Dieser traditionelle Kunstmarkt ist seit einigen Jahren stark im Umbruch:

  • Der Erstmarkt konzentriert sich zunehmend auf eine überschaubare Gruppe großer, global agierender Galerien, kleinere haben es schwer, viele geben auf. 
  • Der Kunstmarkt findet zunehmend auch online statt. Digital tummeln sich sowohl Galerien und Auktionshäuser, als auch die Künstlern auf eigenen Webshops oder Privatpersonen, die Kunst auf dem Kleinanzeigenmarkt weiterverkaufen.
  • Es gibt immer mehr Künstler, die sich dem klassischen Kunstmarkt entziehen. Die Gründe sind vielfältig: Weil sie Autodidakten sind und damit verschwindend geringe Chancen haben, von Galerien in ihr Portfolio aufgenommen zu werden. Weil sie keine Lust auf die „Gatekeeper-Funktion“ der auf dem Kunstmarkt Agierenden haben. Weil sie nicht so hohe Provisionen an Galerien abgeben oder die Preise selbst festlegen wollen. Das Selbstmarketing ist durch die Möglichkeiten des Internets und durch Social Media einfacher geworden und erreicht – zumindest theoretisch – rund um die Uhr viele Menschen. Ich bin sicher, es gäbe etliche Kunstschaffende früherer Zeiten, die – ob studiert oder nicht – heute als Influencer Kultstatus hätten, etwa Albrecht Dürer oder Andy Warhol.
  • Das, was Kunst ist bzw. ihr Wert, wird zunehmend von Privatsammlern bestimmt, weniger – wie früher – von Kunstkritikern und Museen.

Zahlen

Auch wenn die Meldungen über Mondpreise bei Auktionen anderes glauben machen: Der Kunstmarkt ist zwar nicht vernachlässigbar, doch im Vergleich zu anderen Märkten klein.

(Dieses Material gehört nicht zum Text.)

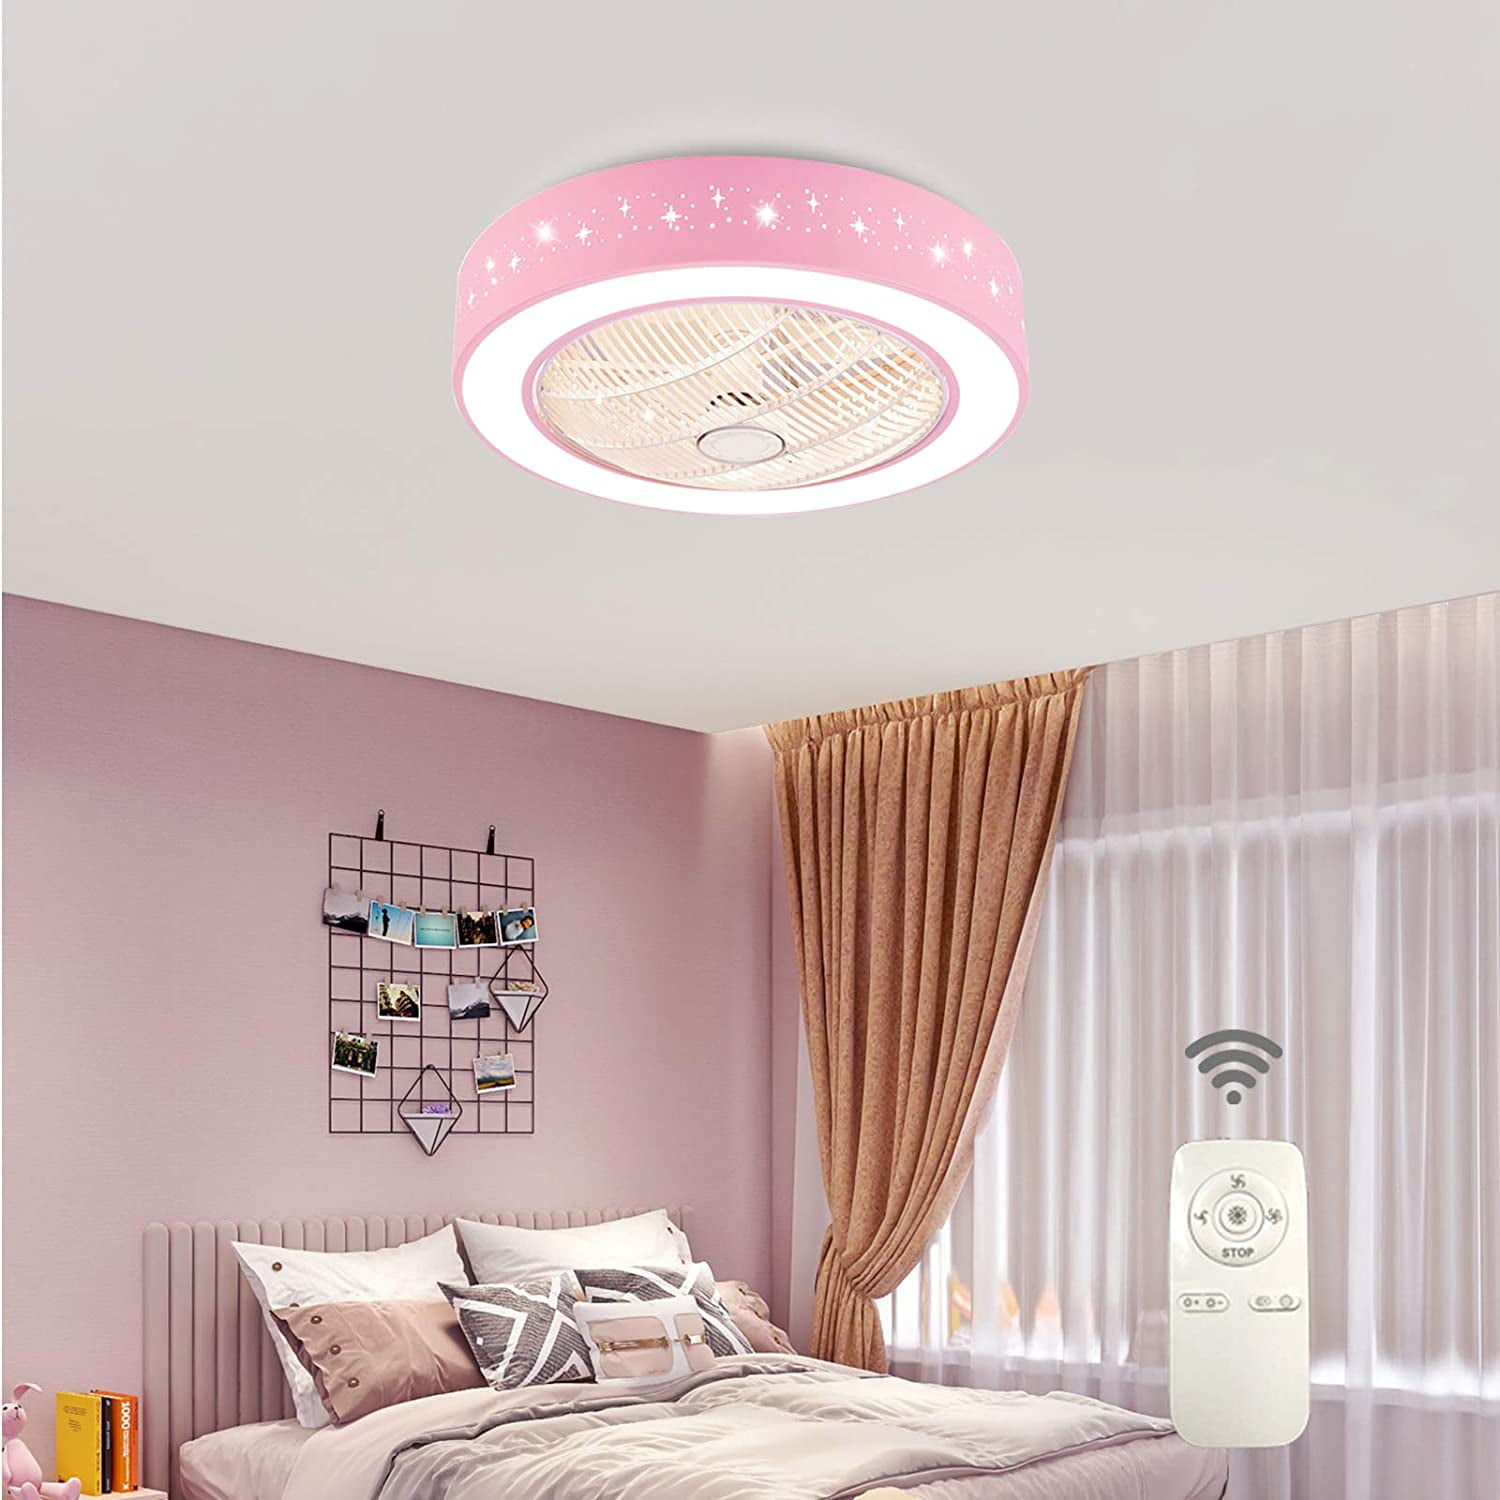 Wuzstar 21 6 Enclosed Ceiling Fan Light 3 Colors Sds Chandelier With Remote For Kids Girls Room Pink Com
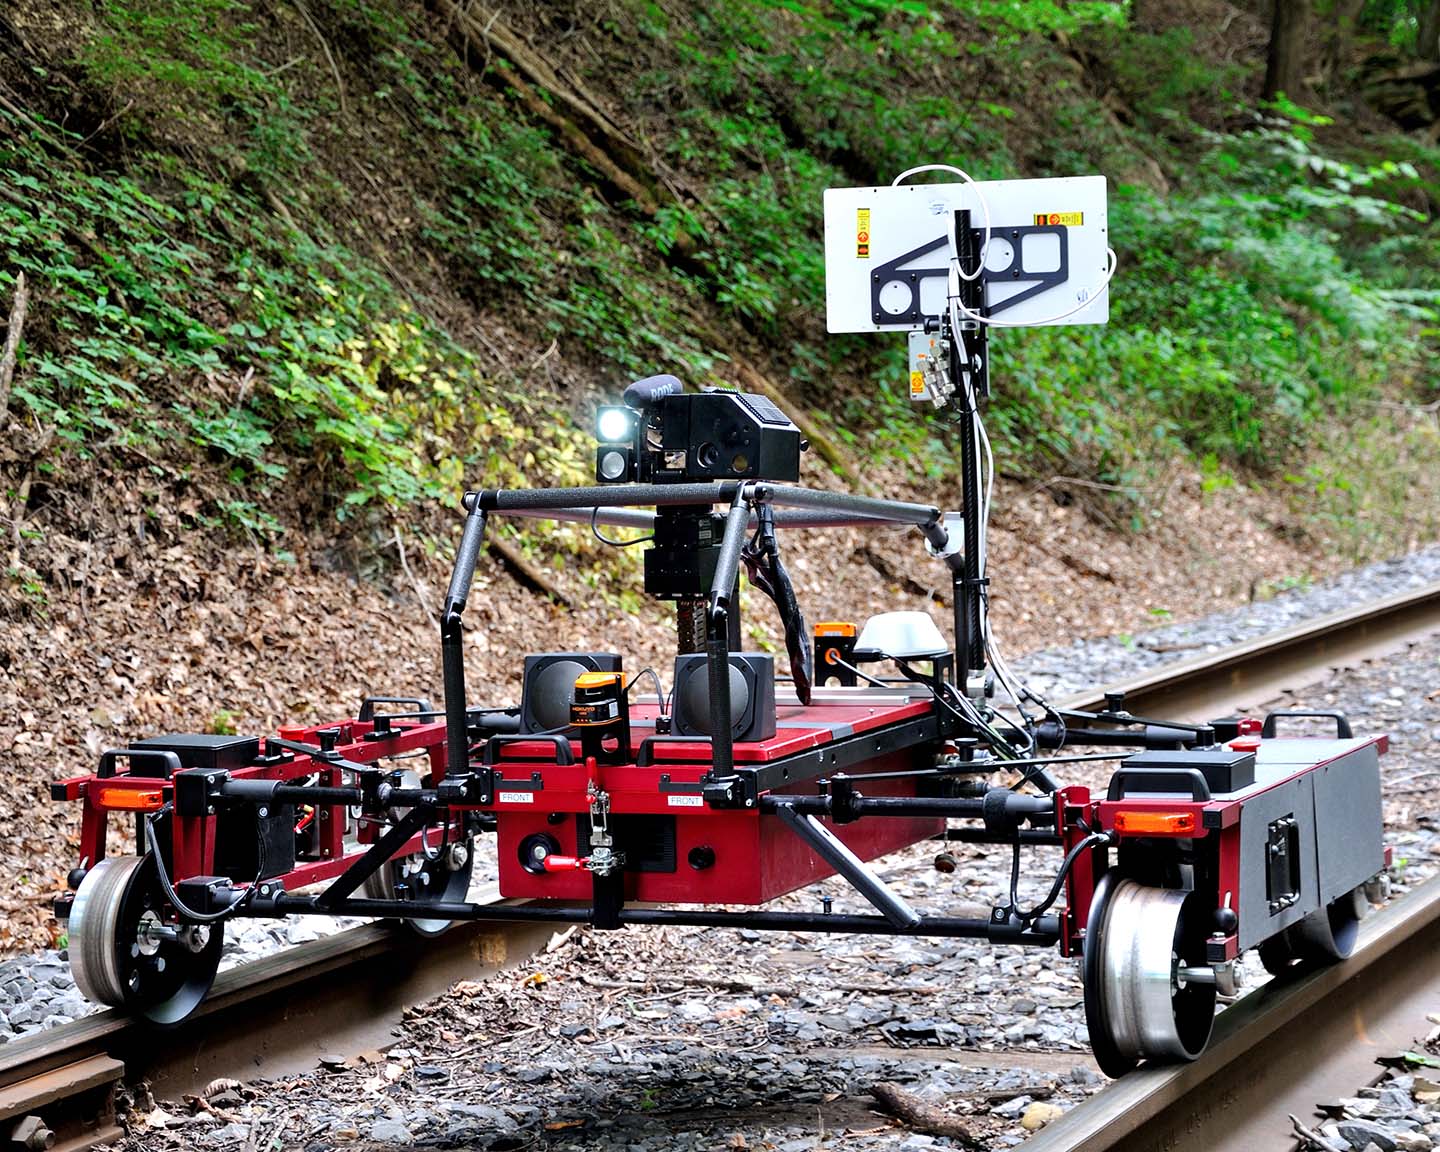 Instrumented Rail Inspection System, or IRiS

Hier ein paar Zahlen: 

  • Weltweit lag der Umsatz im gesamten Kunstmarkt 2023 bei 65 Milliarden Dollar, etwas weniger als 2022, doch höher als vor der Pandemie. Zum Vergleich: Elon Musk meldete in 2023 einen Jahresumsatz von fast 97 Milliarden Dollar, das Unternehmen Apple gut 380 Milliarden Dollar.
  • Fast die Hälfte der Verkäufe gehen auf den US-Markt (42 %), gefolgt von China/HongKong (19 %) und Großbritannien (17 %). Die letzten beiden liefern sich seit Jahren ein Kopf-an-Kopf-Rennen.
  • Das sonstige Europa hatte mit einem Umsatz von 9 Milliarden Dollar einen Anteil von knapp 14 %.
  • In Deutschland betrug der etwa 2 Milliarden Dollar. Damit liegt die Bildende Kunst in der Kreativwirtschaft auf dem letzten Platz. Zum Vergleich: In der Gaming-Industrie wurde etwa 20-mal so viel, in der Werbewirtschaft gut das Zehnfache umgesetzt. Und selbst Bücher verkaufen sich um ein Vielfaches besser als Bildende Kunst. Erfreulich ist, dass Deutschland beim Verkauf der Kunst von Frauen ganz vorn mitspielt. 
  • Der Online-Markt wächst, und zwar rapide: Mittlerweile wird mit 11,8 Milliarden Dollar online fast doppelt so viel umgesetzt wie im Jahr 2019. Das entspricht einem Anteil am gesamten Kunstmarkt von 18 %. Interessanterweise gehören die Deutschen mit zu denjenigen Käufern weltweit, die am wenigsten Berührungsangst haben, online Kunst zu kaufen.

Übrigens: Zwischen 2013 und 2023 lag weltweit mehr als die Hälfte aller Auktionspreise für Bildende Kunst unter 3.000 Euro.

Galerien sind wichtige Akteure im Kunstmarkt
Galerien sind wichtige Akteure im Kunstmarkt.